Ahhh the joys of the biting puppy, I do not miss that at all. Kong was biting everything and everybody in site while he was teething. I bought him a Chilly Bone and some teething rings and a nice frozen wash cloth seemed to help. It does go away, but it took about 3-4 months. Now he sucks on your arm full force LOL


----------



## jaguarundi (Oct 7, 2011)

I am having some serious problems with this same issue. My 18-week-old Rhodesian Ridgeback doesn't seem to respond to any kind of biting training. She thinks that any noise I make is part of the game. If I ignore her, she just bites the backs of my legs like your dog does.

One thing that seems to work for now (but which may not last): I put her in a *sit-stay*. This engages her in a positive way and gets her mouth off of me. That buys me a little time to go get her some kind of toy or other activity to distract from biting. It's usually boredom and excessive playful energy that leads to biting, I believe.

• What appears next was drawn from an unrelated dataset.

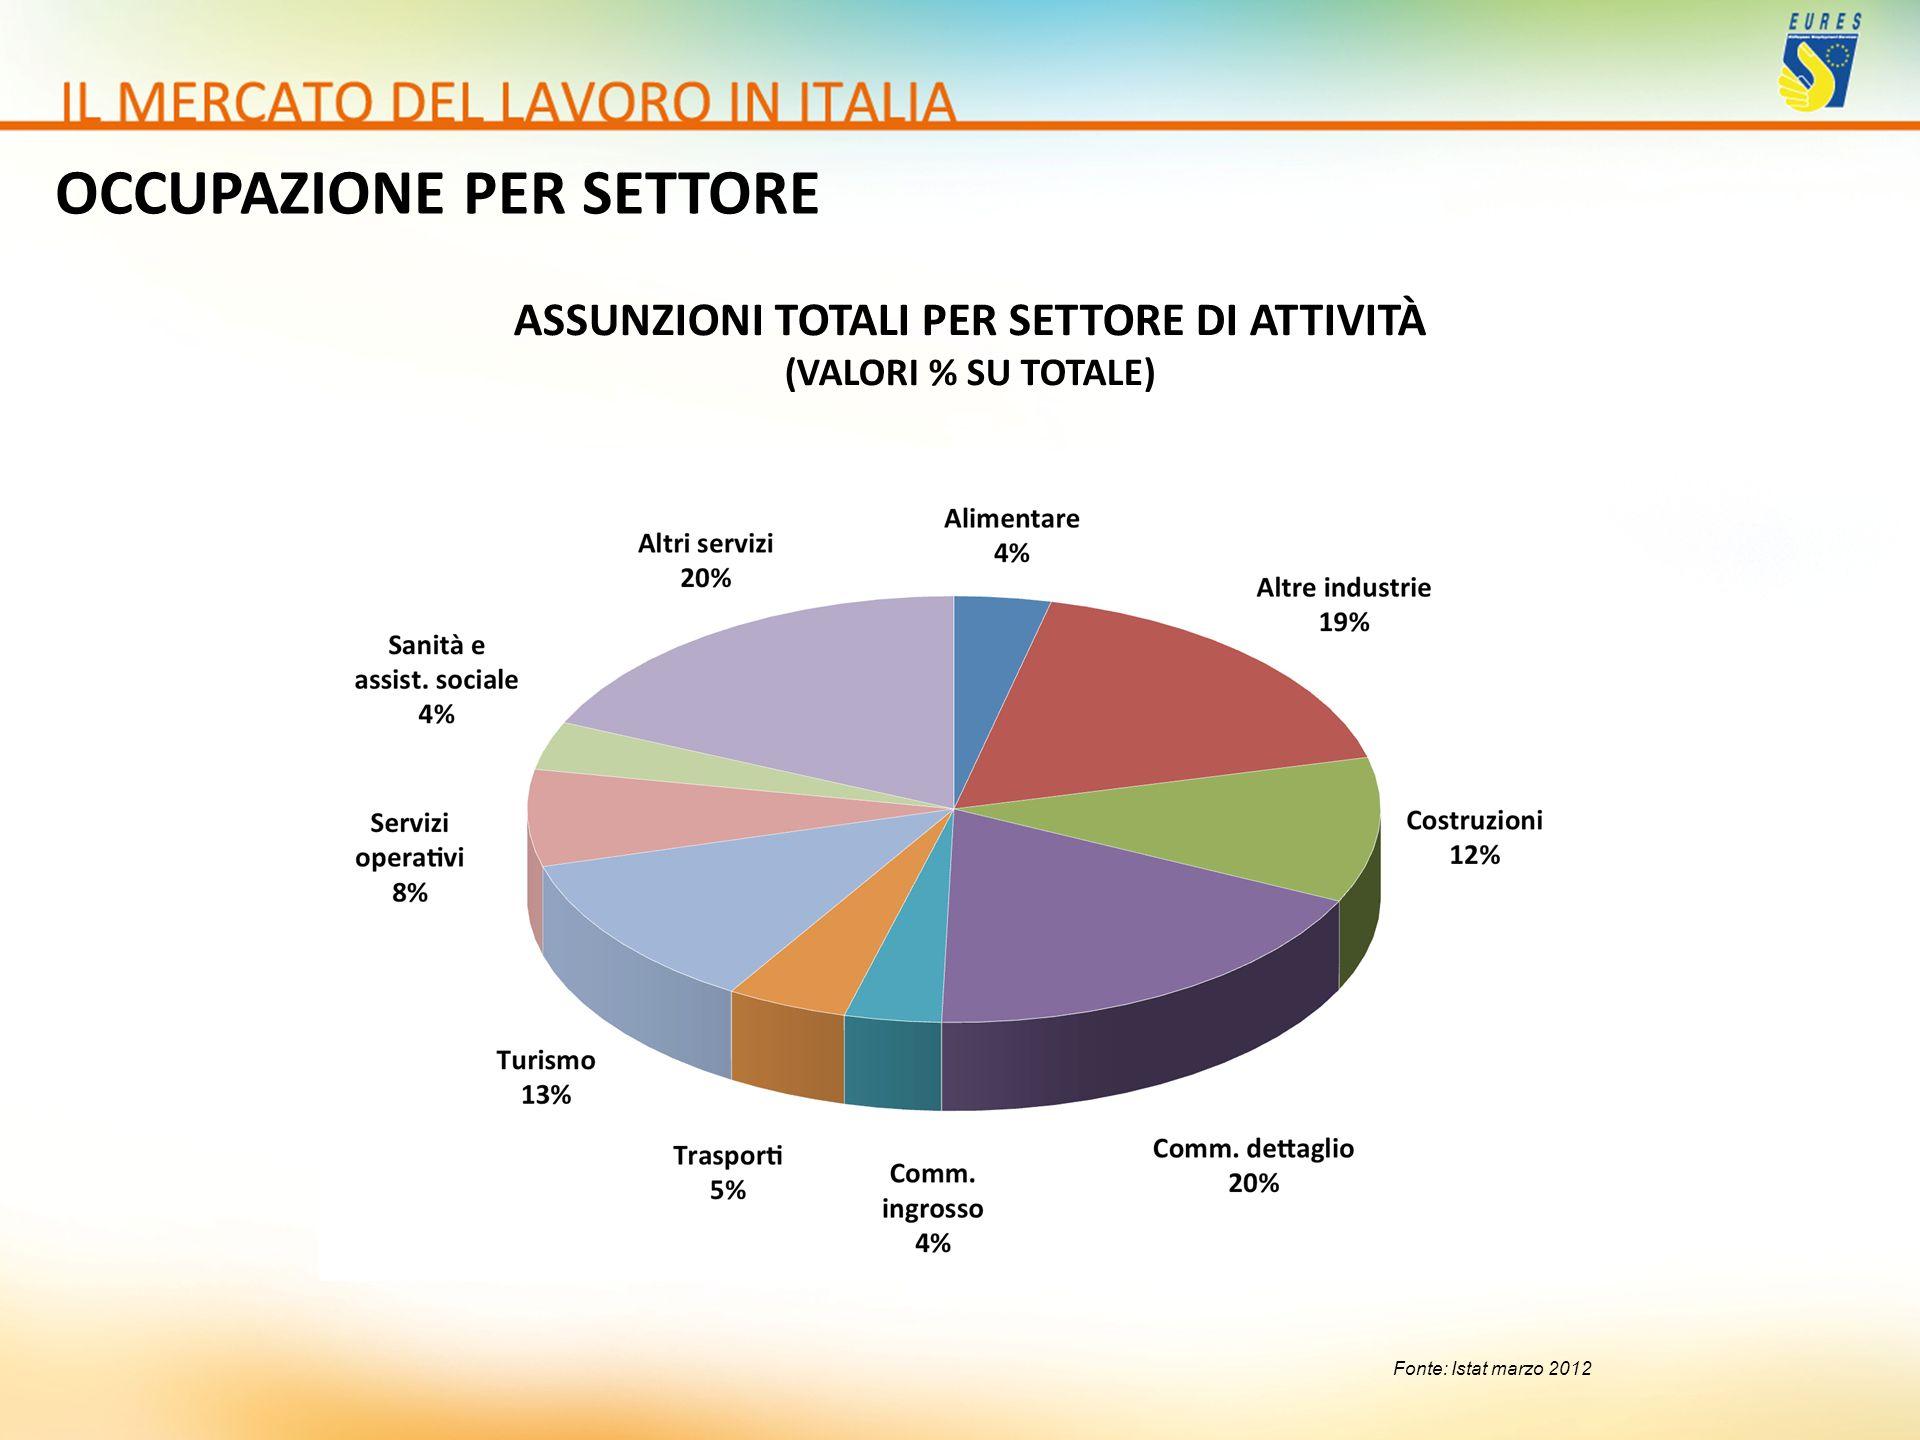 OCCUPAZIONE PER SETTORE ASSUNZIONI TOTALI PER SETTORE DI ATTIVITÀ (VALORI % SU TOTALE)
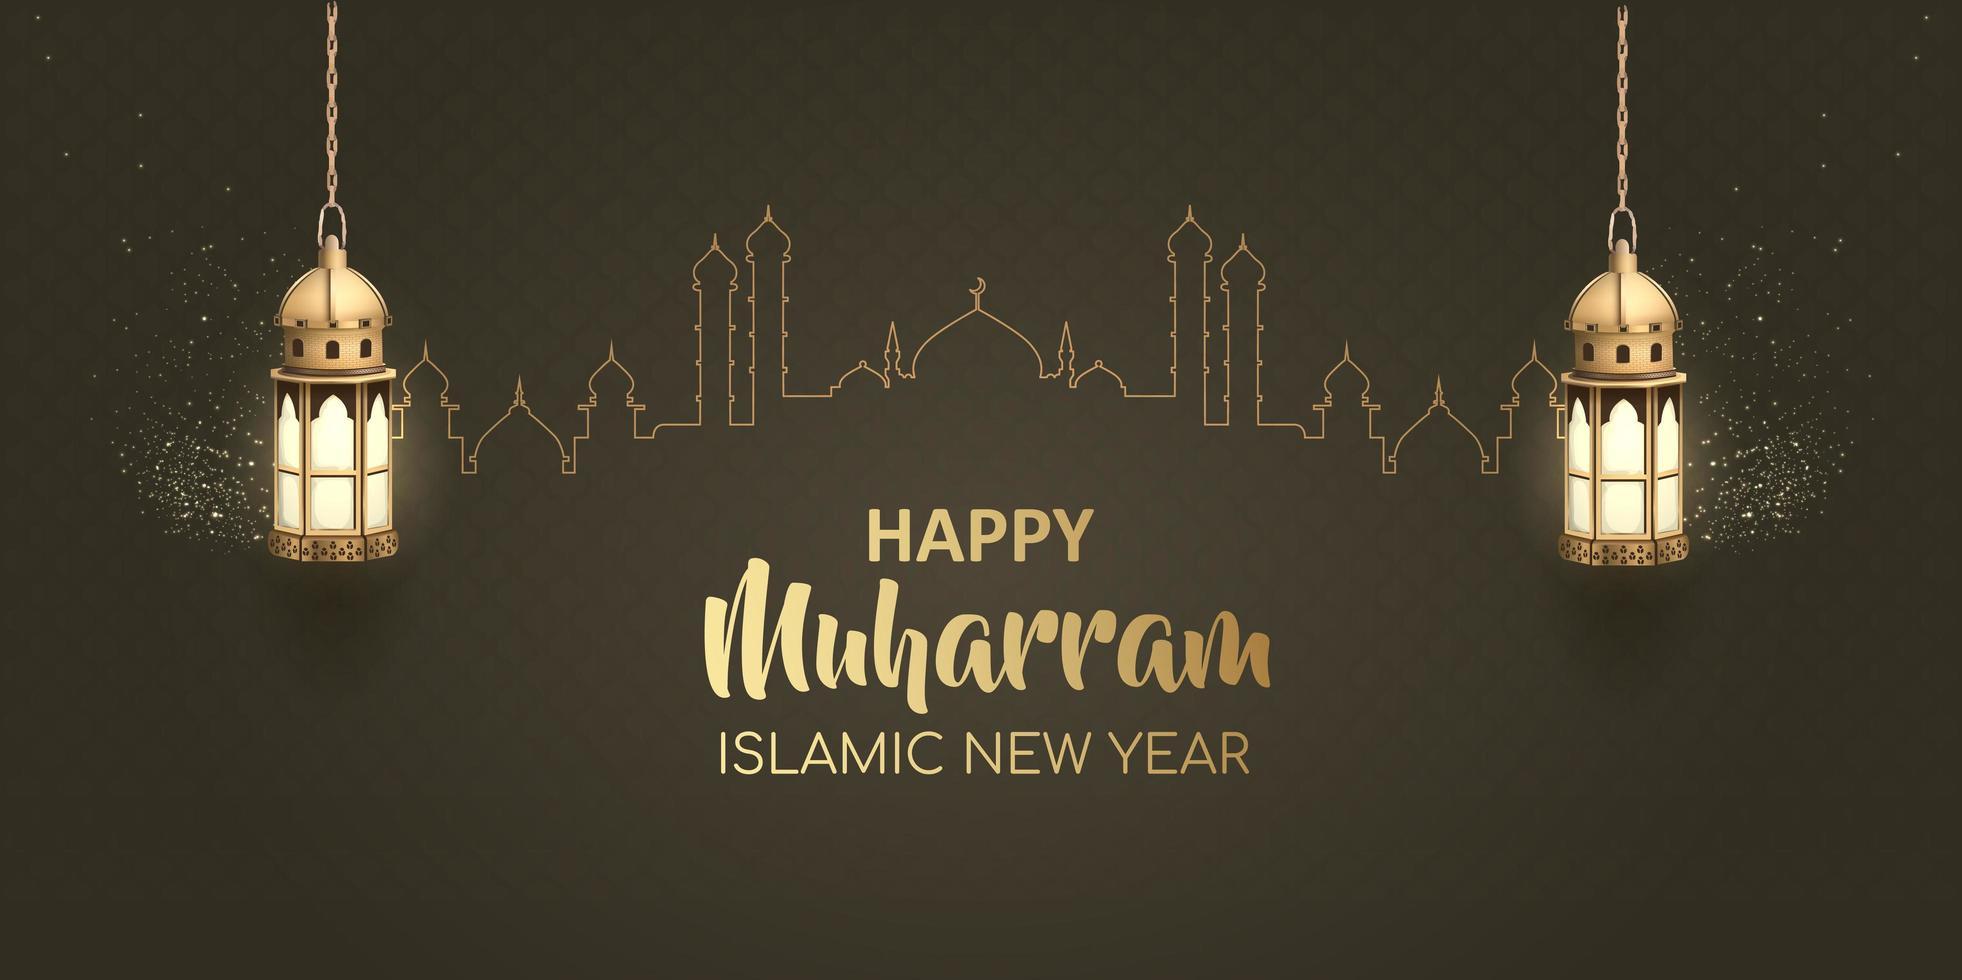 Happy Muharram Islamic New Year Design  vector

The biting is at its worst when she has been cooped up inside all day. She explodes out of the yard full of energy when I am drained of it. Exercise and training will hopefully help this problem. Maybe more play time with other puppies would help too?

ps, I think she knows not to bite, and is trying to stop. It's just too fun for her. Sometimes I see her open her mouth towards me, then stop and think better of it and just sniff or lick me. I think this is a good sign.


----------



## hanksimon (Mar 18, 2009)

This method works well with Retrievers. It doesn't work as well with high strung terriers and some adult dogs, but you can find a marker word to take the place of the Yelp. It will take about 3 days to get a noticeable response, and the dog should understand after 2 weeks. Pups will need a tune-up after they get adult teeth. And you can tune-up a little with occasional infractions, usually a repeated "Yelp" (or whatever) is adequate.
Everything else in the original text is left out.